[ 
https://issues.apache.org/jira/browse/HBASE-21344?page=com.atlassian.jira.plugin.system.issuetabpanels:comment-tabpanel&focusedCommentId=16661554#comment-16661554
 ] 

Ankit Singhal edited comment on HBASE-21344 at 10/24/18 1:30 AM:
-----------------------------------------------------------------

{quote}What you doing here from patch?{quote}
I'm just removing duplicate tableStateManager.start() (and keeping the 
tableStateManager.start() after checking meta is actually online).
And the test in the patch is to check if we have OPENING state for meta also, 
still SCP can succeed , so we don't need to change state of meta znode to 
offline during FAILED_OPEN of assign procedure(this meta znode state will 
intern also help in avoiding IMP if meta is in transition due to Server crash). 
Anyways, a sub-task to increase the no. of Assign procedure , will not let the 
call go in FAILED_OPEN path(I think).

{quote}
1096 Optional<ServerCrashProcedure> optProc = 
this.procedureExecutor.getProcedures().stream()
 1097 .filter(p -> p instanceof ServerCrashProcedure).map(o -> 
(ServerCrashProcedure) o)
 1098 .filter(s -> s.hasMetaTableRegion()).findAny();
 You are reporting SCPs only if they have meta on them? Isn't this method more 
generic than just meta searches?
{quote}
Yes, My bad, we don't need this particular change.

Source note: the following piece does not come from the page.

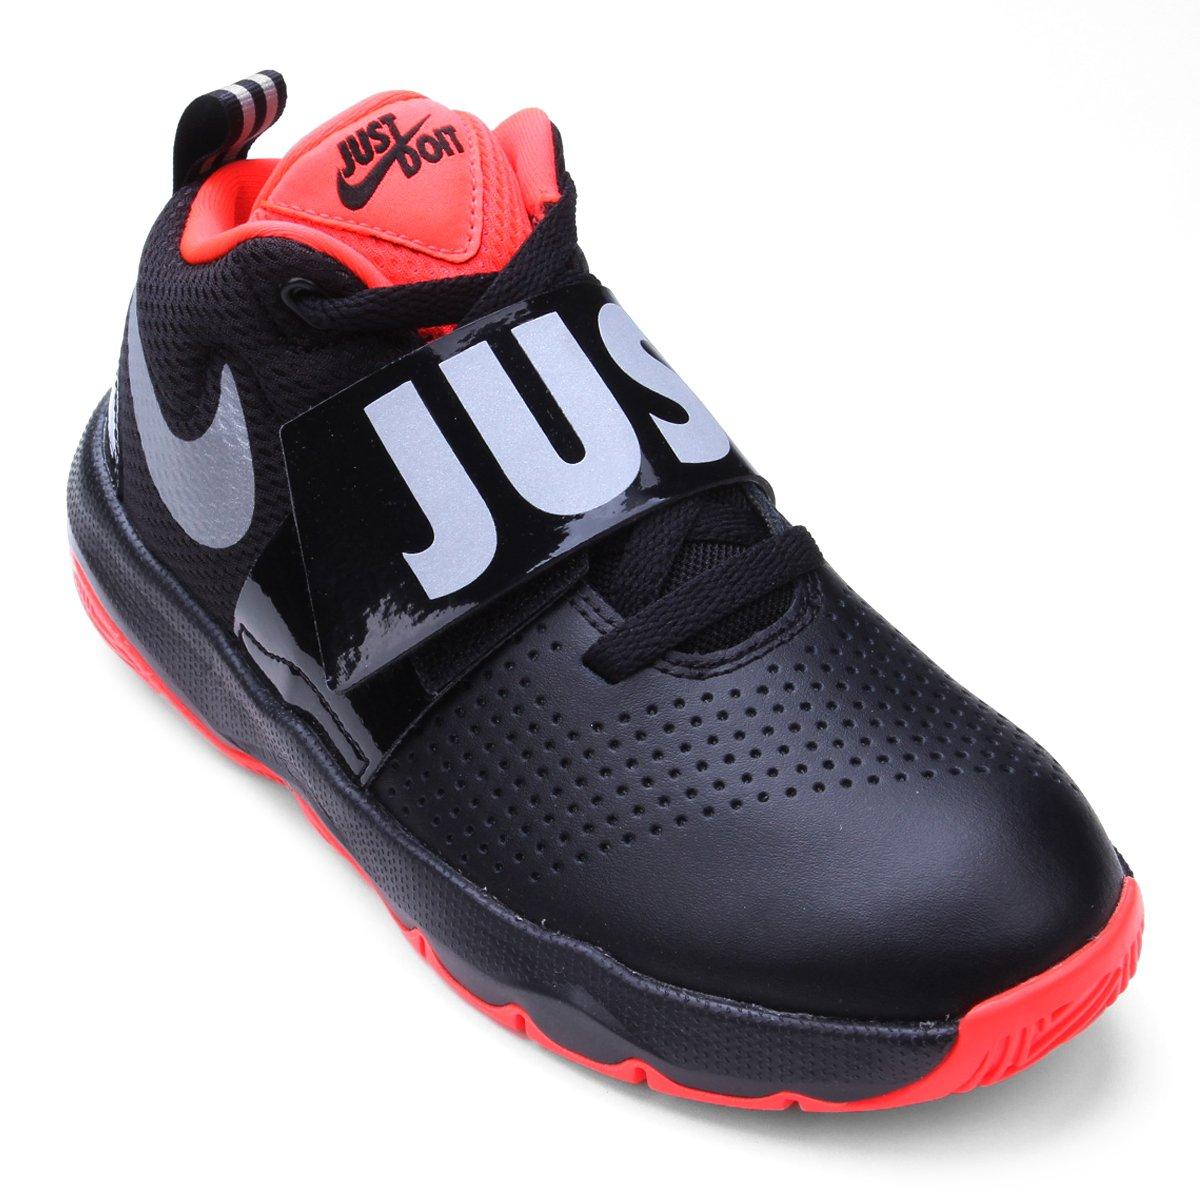 296fb237 Tênis Infantil Nike Team Hustle D 8 Jdi Bg - Preto e Prata | Shop Timão

was (Author: an...@apache.org):
{quote}What you doing here from patch?{quote}
I'm just removing duplicate tableStateManager.start() (and keeping the 
tableStateManager.start() after checking meta is actually online).
And the test in the patch is to check if we have OPENING state for meta also, 
still SCP can succeed , so we don't need to change state of meta znode to 
offline during FAILED_OPEN of assign procedure(this meta znode state will 
intern also help in avoiding IMP if meta is in transition due to Server crash)

{quote}
1096 Optional<ServerCrashProcedure> optProc = 
this.procedureExecutor.getProcedures().stream()
 1097 .filter(p -> p instanceof ServerCrashProcedure).map(o -> 
(ServerCrashProcedure) o)
 1098 .filter(s -> s.hasMetaTableRegion()).findAny();
 You are reporting SCPs only if they have meta on them? Isn't this method more 
generic than just meta searches?
{quote}
Yes, My bad, we don't need this particular change.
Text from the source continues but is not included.